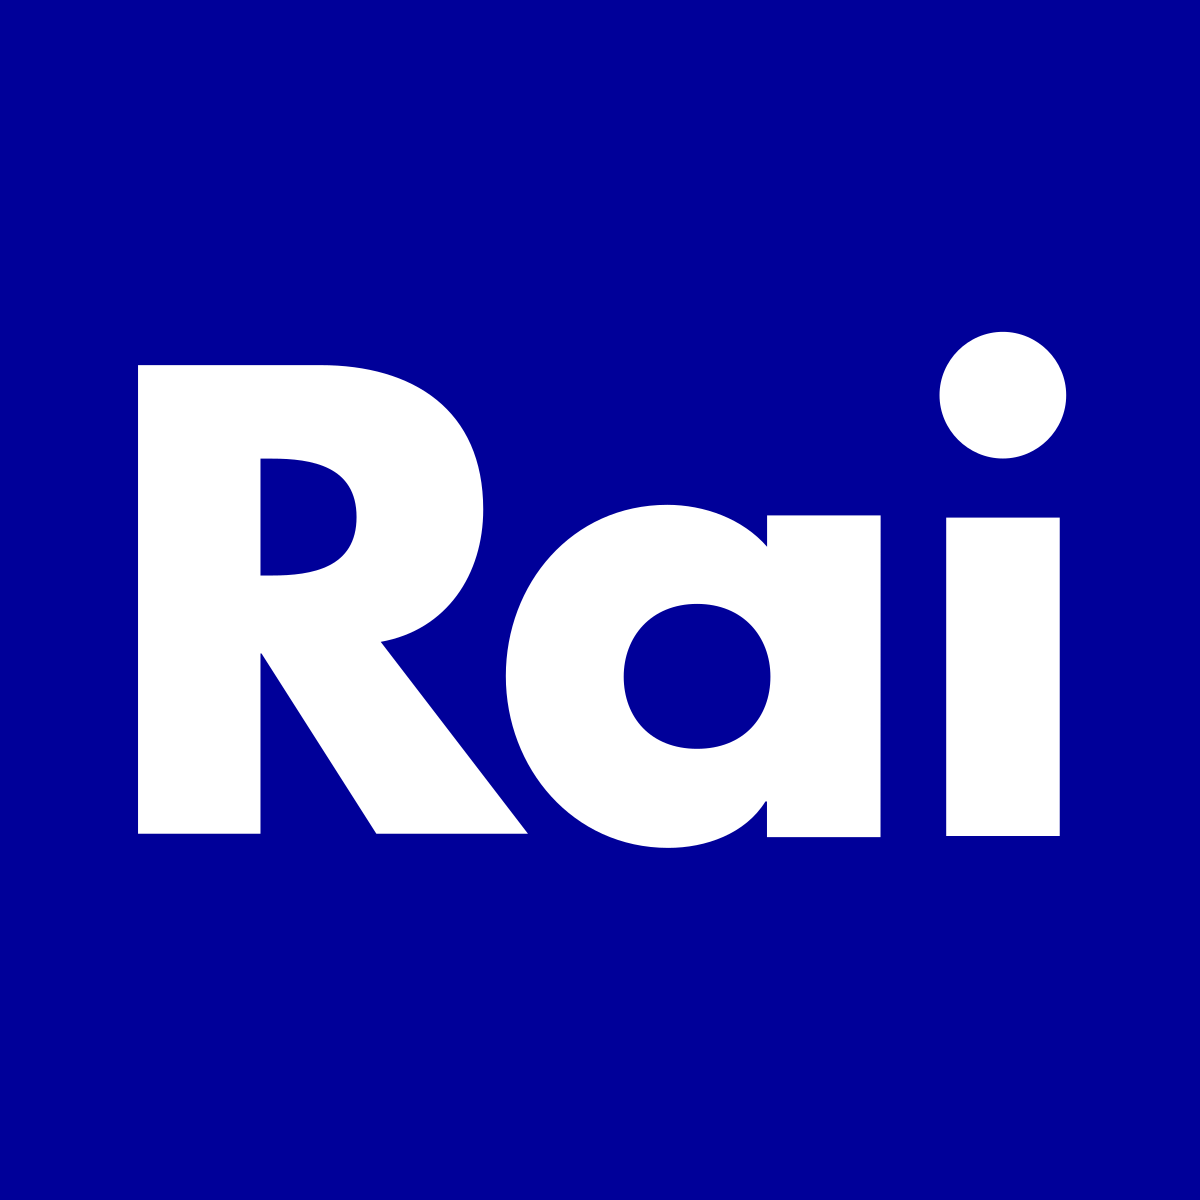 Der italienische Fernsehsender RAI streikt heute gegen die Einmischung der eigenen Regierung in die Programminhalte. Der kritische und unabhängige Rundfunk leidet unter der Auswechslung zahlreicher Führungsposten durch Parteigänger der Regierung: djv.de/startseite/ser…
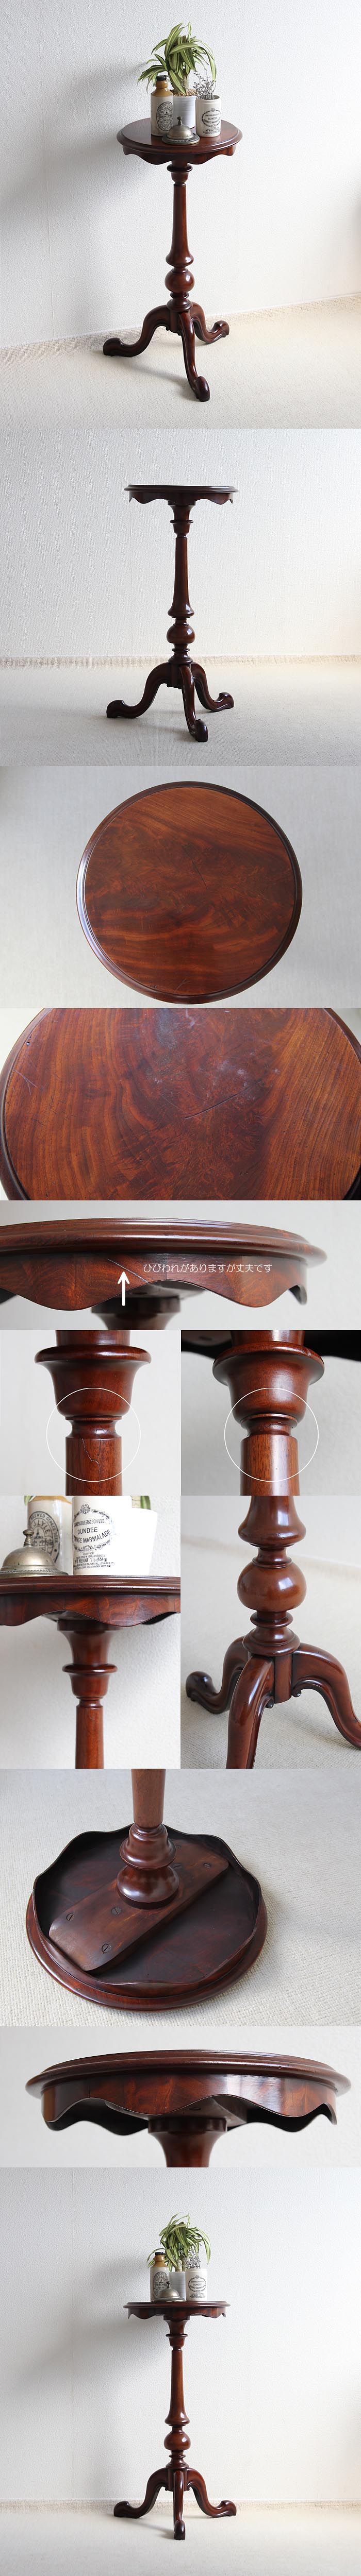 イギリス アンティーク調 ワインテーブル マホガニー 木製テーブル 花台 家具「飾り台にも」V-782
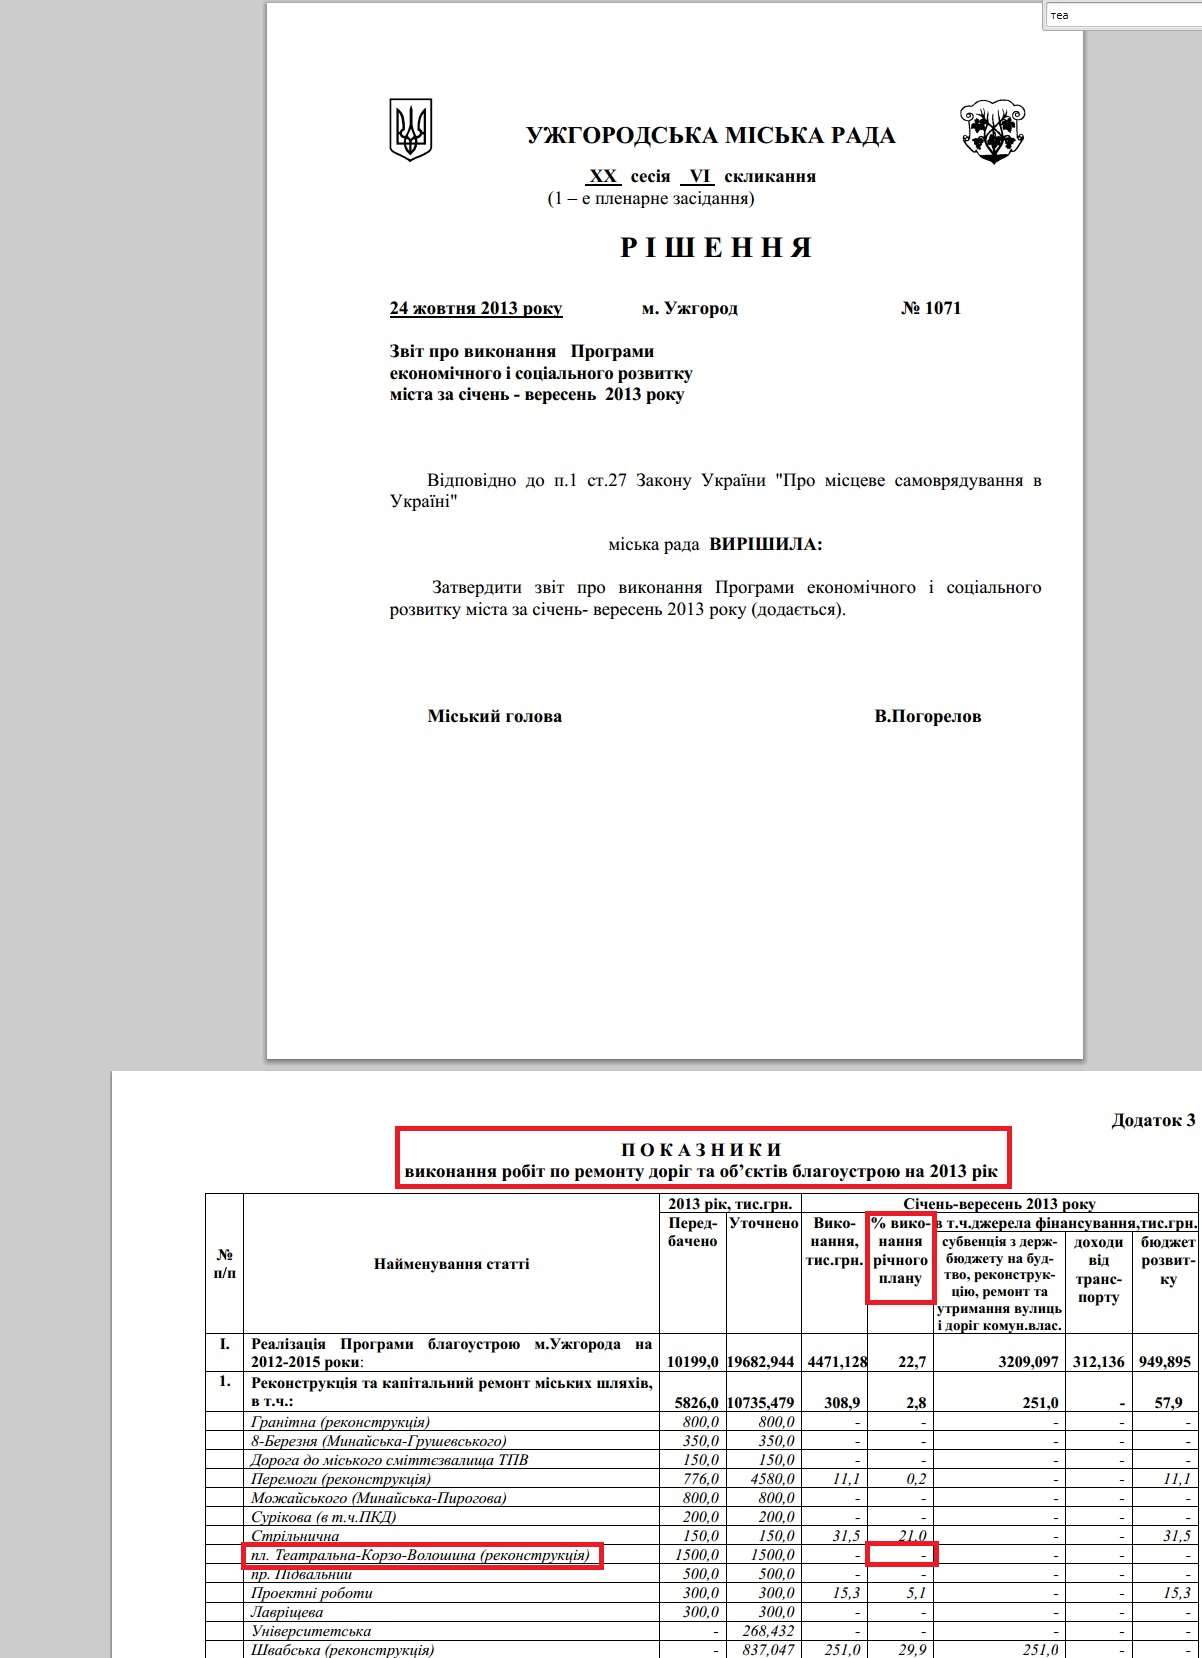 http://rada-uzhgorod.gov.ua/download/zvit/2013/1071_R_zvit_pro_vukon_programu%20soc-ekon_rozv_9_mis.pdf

> _HOW TO COMPLETE THIS TASK_: Leave out the pictures and give the listing above again exactly.

> _THE ANSWER_:
 Der italienische Fernsehsender RAI streikt heute gegen die Einmischung der eigenen Regierung in die Programminhalte. Der kritische und unabhängige Rundfunk leidet unter der Auswechslung zahlreicher Führungsposten durch Parteigänger der Regierung: djv.de/startseite/ser…
 イギリス アンティーク調 ワインテーブル マホガニー 木製テーブル 花台 家具「飾り台にも」V-782
 http://rada-uzhgorod.gov.ua/download/zvit/2013/1071_R_zvit_pro_vukon_programu%20soc-ekon_rozv_9_mis.pdf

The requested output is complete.